The Winter King Season 1 Episode 1 Recap

Arthur (Iain De Caestecker) is, here, the illegitimate son of King Uther Pendragon (Eddie Marsan), an ill-tempered monarch who is failing miserably to unite the disparate, warring tribes of 5th-Century Britain against the invading Saxons.

This period of history was dubbed “The Dark Ages” for a reason.

Why is Arthur banished?

After a skirmish with the Saxons, Arthur returns to Caer Cardarn, the capital of Dumnonia, lugging the dead body of Prince Mordred. Uther goes mental with grief, viciously beats Arthur, and is about to lop off his head until his daughter Morgan (Valene Kane) and Merlin (Nathaniel Martello-White) come in clutch with another suggestion: Banishment.

Merlin obviously proposes this solution to save Arthur’s life, but it’s also part of a long game. Since Arthur is a bastard, he will never be accepted by Uther at court, so for him to fulfill his rich destiny, he needs to get out into the wider world and really find himself.

Arthur isn’t exactly thrilled about the idea, but he takes it in stride. After leaving the castle he stops off at a fishing village to pull a Saxon slave boy named Durfel from a death pit, whom he takes to Avalon – a kind of outcast haven that Merlin runs – for protection. Arthur leaves, and time jumps forward eight whole years.

Why can’t Derfel and Nimue be together?

In the years that have passed off-screen, lots has changed, and lots has regrettably stayed the same. Derfel is now grown and played by Stuart Campbell, and he’s in an ill-advised romantic tryst with Merlin’s priestess Nimue (Ellie James), but Uther still hasn’t managed to unite the tribes, the Saxons are gaining ground, and he’s now old and infirm in more ways that one.

Well, he’s perhaps not totally infirm, since he manages to father another heir, whom he also names Mordred, but you know what I mean.

Derfel and Nimue can’t be together because the latter is destined to become a powerful soothsaying magician – she has visions of a growling wolf when they get frisky – and the Gods are, for some reason, pretty adamant about magical powers being practiced by virgins. So, Nimue essentially has to choose between magic and Derfel, and she chooses magic.

This is at least in part what prompts Derfel to leave Avalon and remain behind at court, where Arthur’s friend Owain (Daniel Ings) will secretly train him as a warrior, perhaps to one day fight alongside his hero and rescuer, Arthur himself.

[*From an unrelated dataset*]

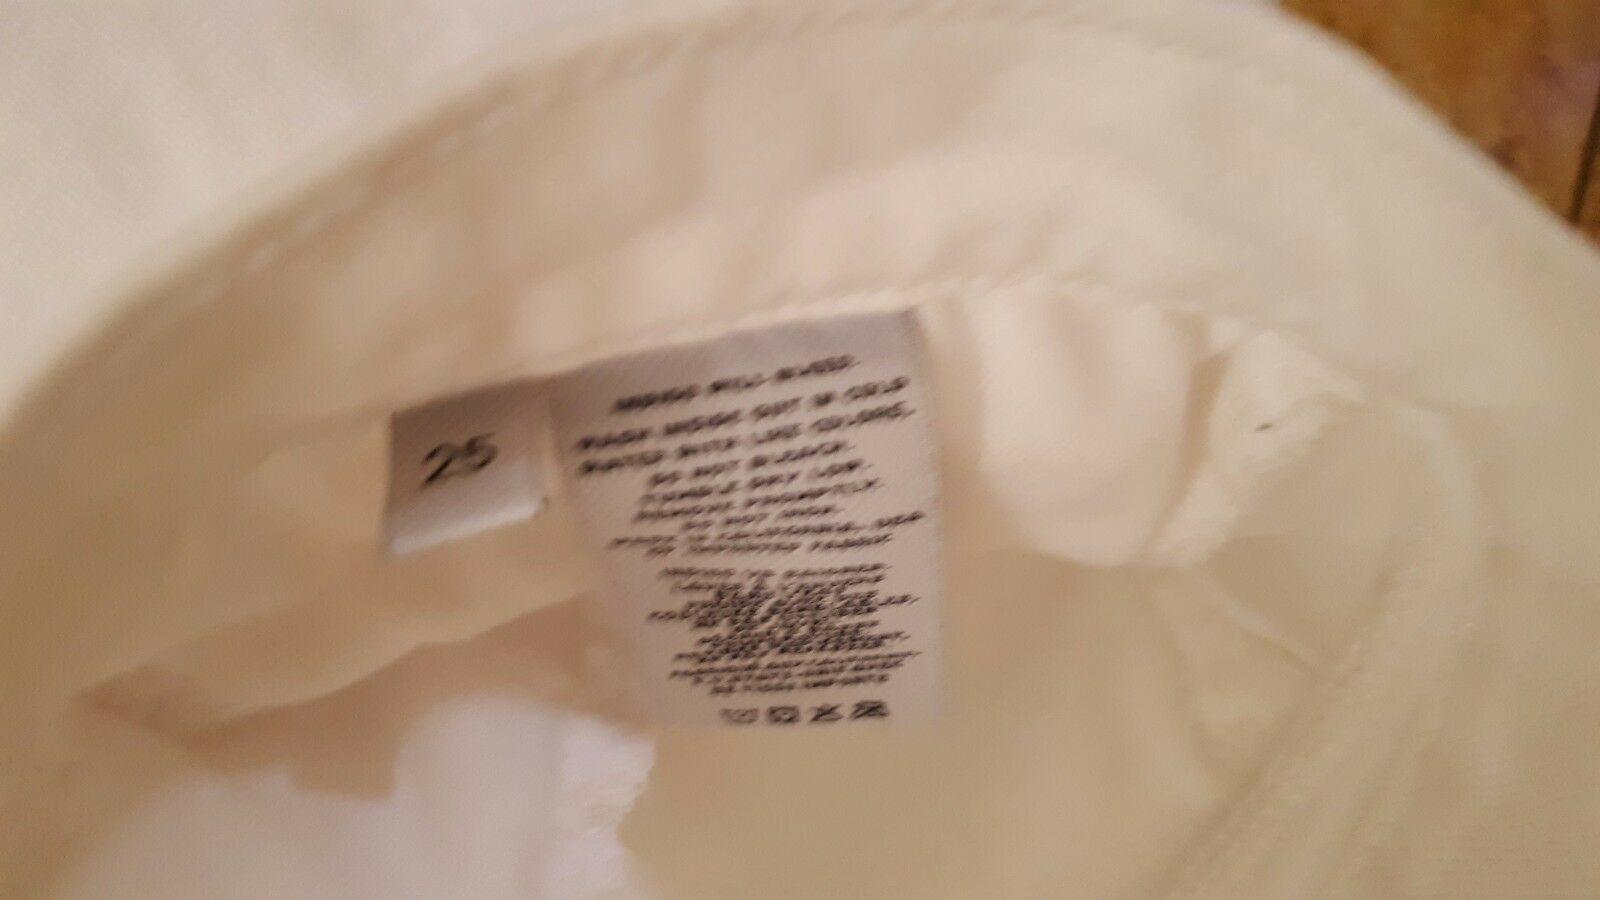 J Brand Jeans Women's Cropped  White Jeans sz 25 Denim  NICE!! #333 image 5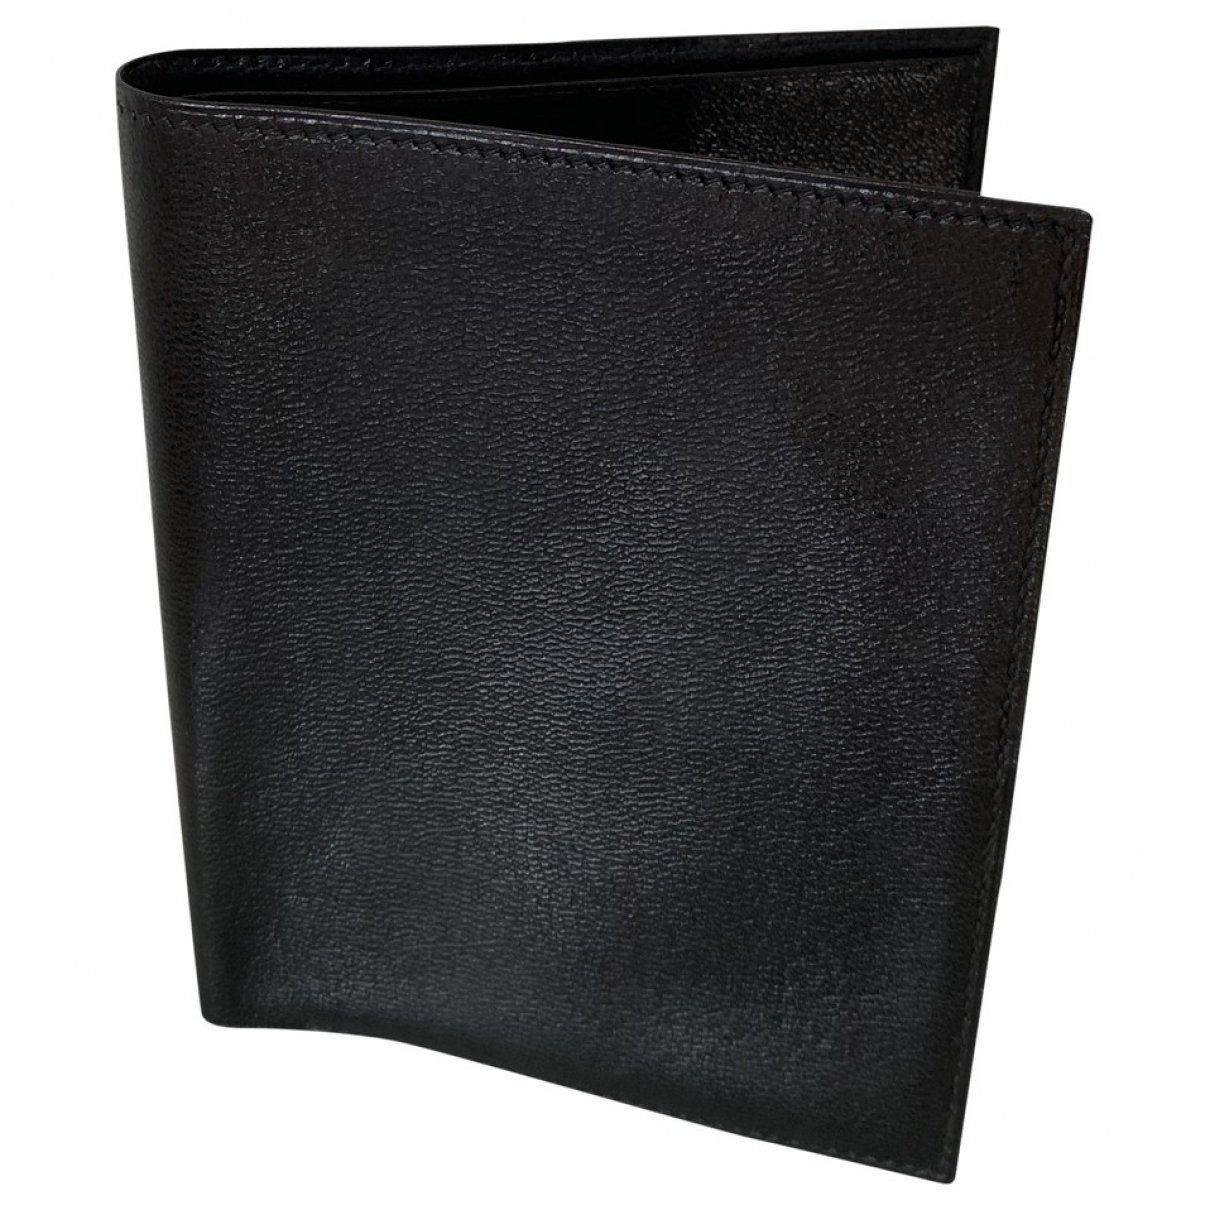 Hermes \N Kleinlederwaren in  Schwarz Leder

Why does Merlin want Arthur to return?

The new club-footed Prince Mordred spells bad news because he gives Merlin creepy visions of a bloody future in which he butchers his own people at the behest of the Saxons. Merlin is adamant about this, but Uther, true to form, isn’t interested. He’s certainly not keen on the idea of finding Arthur and begging his forgiveness so that he can be reinstalled as heir to unite the tribes.

So, Merlin plans to take matters into his own hands. He’s going to track Arthur down in Gaul and coax him back home for what promises to be a long and complicated battle ahead, with Mordred positioned as an eventual villain.

The Winter King Season 1 Episode 1 Ending Explained

The premiere episode ends by promising what’s to come in the short term and the long term.

For one thing, there’s a revenge plot brewing at the court of King Uther, since when Gundleus (Simon Merrells), the born-again King of Siluria, pledges allegiance to Uther, Derfel recognizes a tattoo on his chest. It was Gundleus who killed Derfel’s mother, which he’s unlikely to let slide, threatening to undermine the new alliance between rival kingdoms before it even gets going.

Luckily, Merlin is able to catch up with Arthur and invites him home.

You can stream The Winter King Season 1 Episode 1 exclusively on MGM+.